Description:
Communications can be monitored, controlled, and protected at boundary components and by restricting or prohibiting interfaces in organizational systems. Boundary components include gateways, routers, firewalls, guards, network-based malicious code analysis and virtualization systems, or encrypted tunnels implemented within a system security architecture (e.g., routers protecting firewalls or application gateways residing on protected subnetworks). Restricting or prohibiting interfaces in organizational systems includes restricting external web communications traffic to designated web servers within managed interfaces and prohibiting external traffic that appears to be spoofing internal addresses. Organizations consider the shared nature of commercial telecommunications services in the implementation of security requirements associated with the use of such services. Commercial telecommunications services are commonly based on network components and consolidated management systems shared by all attached commercial customers and may also include third party-provided access lines and other service elements. Such transmission services may represent sources of increased risk despite contract security provisions. [SP 800-4] provides guidance on firewalls and firewall policy. [SP 800-25B] provides guidance on security for virtualization technologies.
[28] There is no prescribed format or specified level of detail for system security plans. However, organizations ensure that the required information in 3.2.is conveyed in those plans.
Priority: High
Category: Security Architecture
Services Associated with AWS:
- AWS Network Firewall, AWS VPC Traffic Mirroring, AWS Direct Connect, AWS WAF, AWS Shield
- AWS Security Groups, AWS Identity and Access Management (IAM), AWS WAF, AWS Shield
Objective Evidence:
- Administrative: documented policies, standards & procedures
- Administrative: supporting documentation to demonstrate how content filtering is governed
- Administrative: supporting documentation to demonstrate the "secure practices" used to build technology platform-specific secure baseline configurations
- Technical: screenshot of configuration settings
- Technical: screenshot of content filter settings
Possible Technology Considerations :
- Secure Baseline Configurations (SBC)
- IT Asset Management (ITAM)
- Configuration Management Database (CMDB)
- Content / DNS Filtering Solution
What needs to be answered :
Has the company identified network communications boundaries? Does the system monitor and manage communications at the system boundary and at key internal boundaries within the system? Do policies for managed interfaces such as gateways, routers, firewalls, VPNs, and company DMZs restrict external web traffic to only designated servers exist?

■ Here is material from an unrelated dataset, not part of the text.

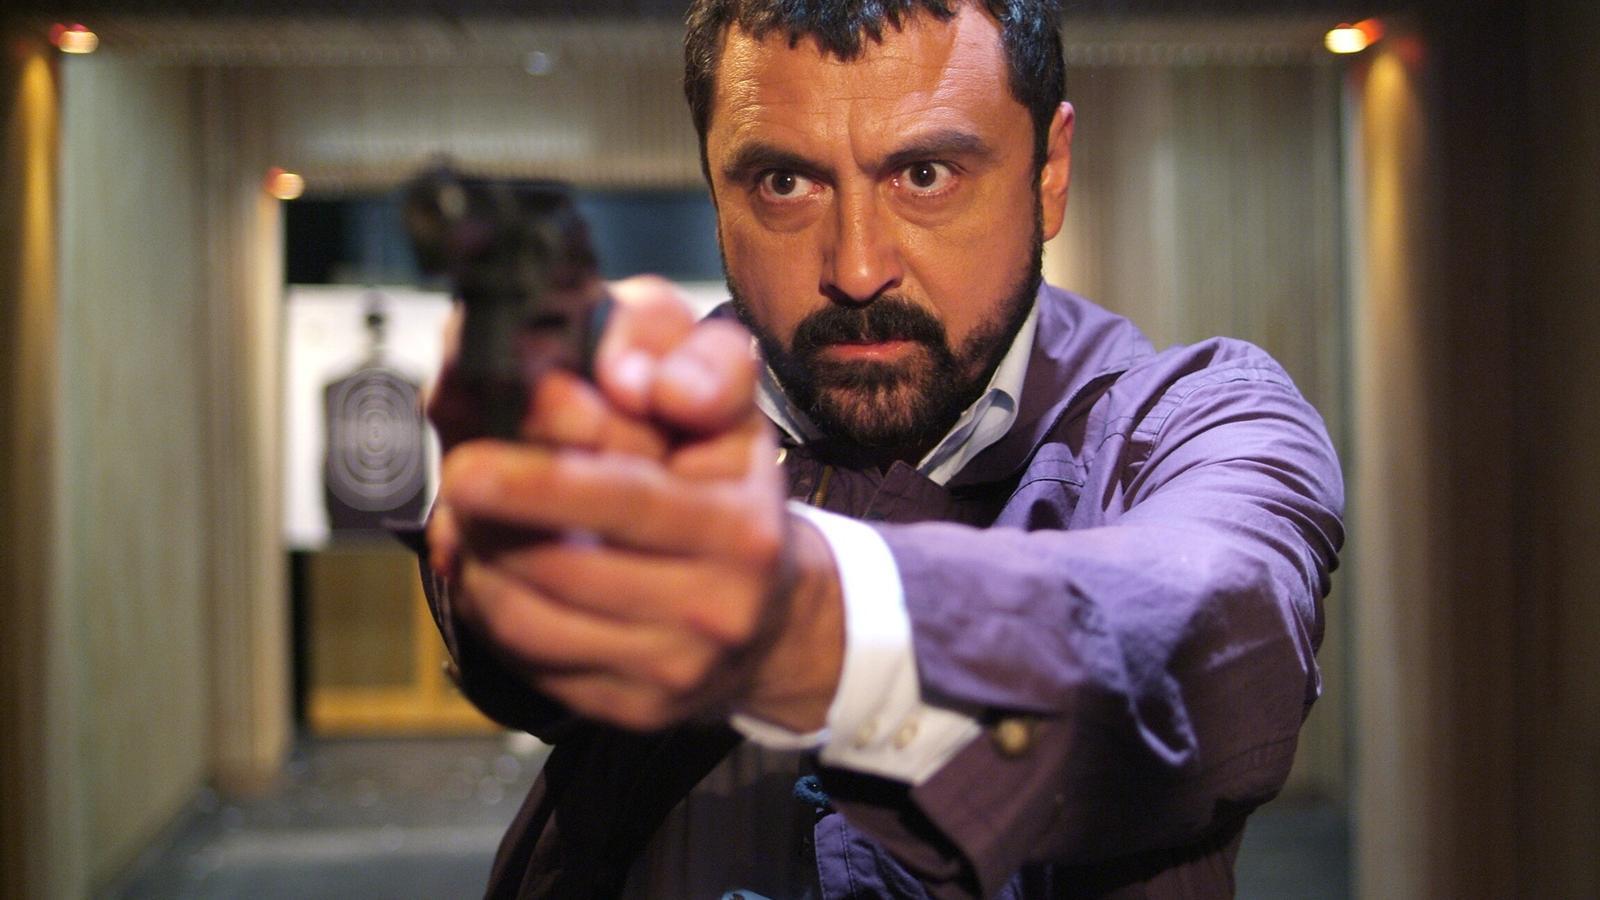 Antena 3 recupera 'Los hombres de Paco' després d'una dècada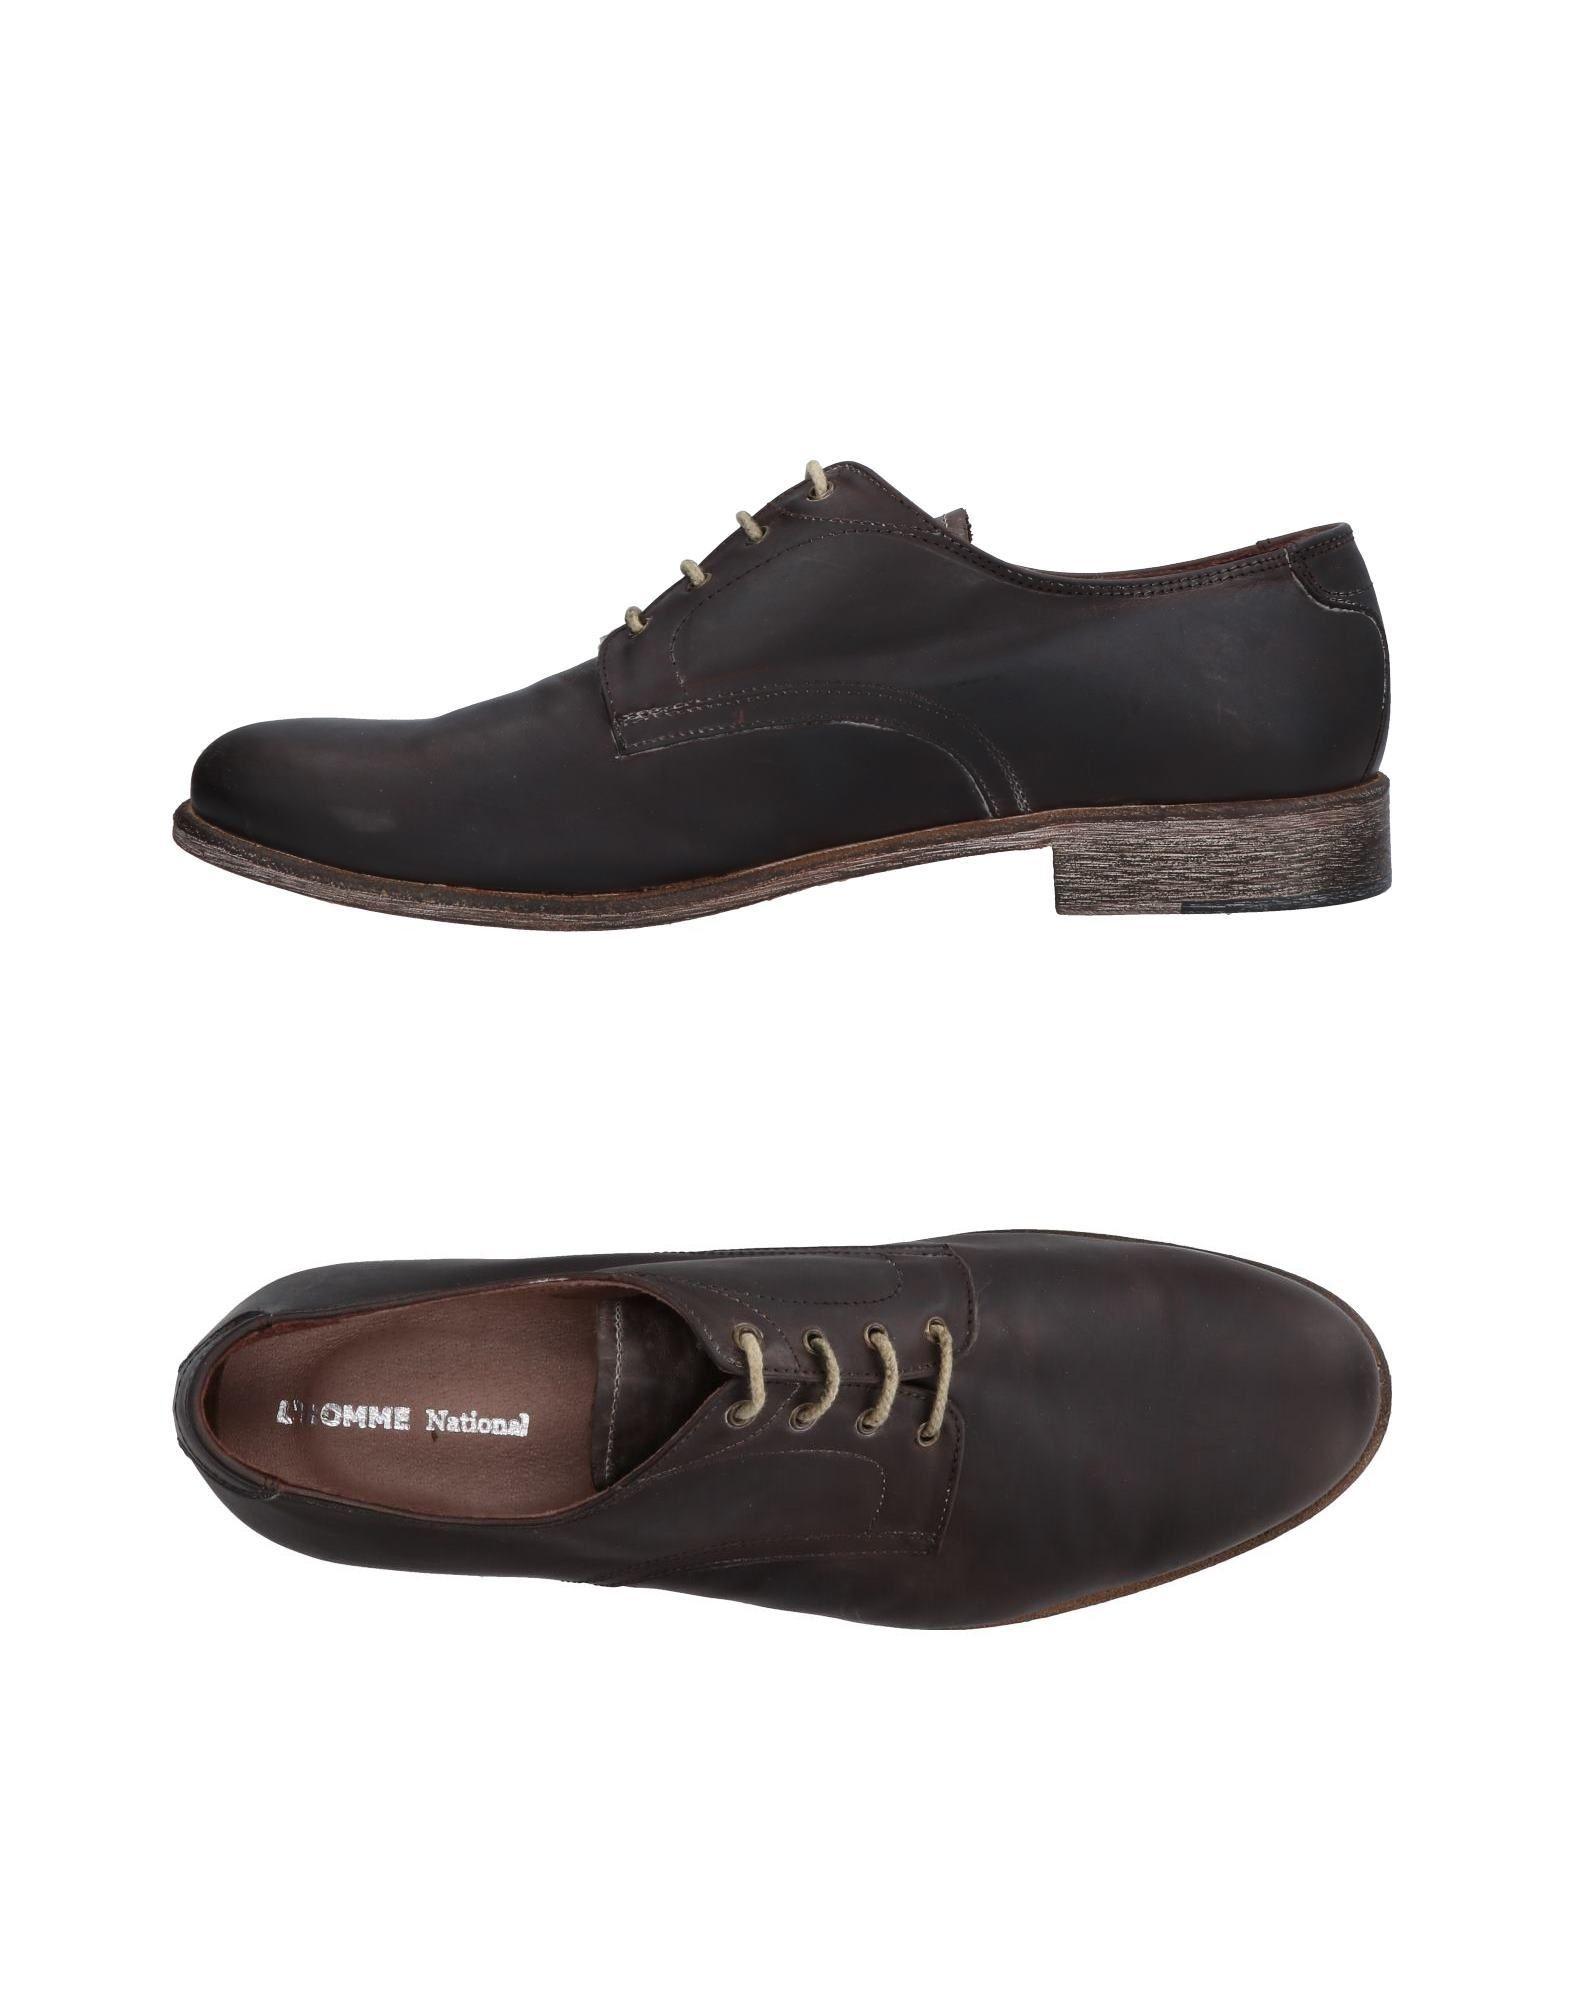 Rabatt echte Schuhe L'homme National Schnürschuhe Herren  11487805GE

- Monitoring and Control of Communication at Boundaries
Description: This check ensures that communications are monitored, controlled, and protected at the external boundaries and key internal boundaries of organizational systems. This includes the use of boundary components such as gateways, routers, firewalls, and encrypted tunnels. - Restricting and Prohibiting Interfaces in Organizational Systems
Description: This check verifies that interfaces in organizational systems are restricted or prohibited as necessary. This could include restricting external web communications traffic to designated web servers and prohibiting external traffic that appears to be spoofing internal addresses. - Consideration of Commercial Telecommunications Services in Security Implementation
Description: This check confirms that organizations consider the shared nature of commercial telecommunications services in the implementation of security requirements. Despite contract security provisions, such services can represent sources of increased risk.
Related AWS Service: AWS Direct Connect, AWS Transit Gateway, AWS VPN
More Details:
Company systems monitored at internal and external communication boundaries.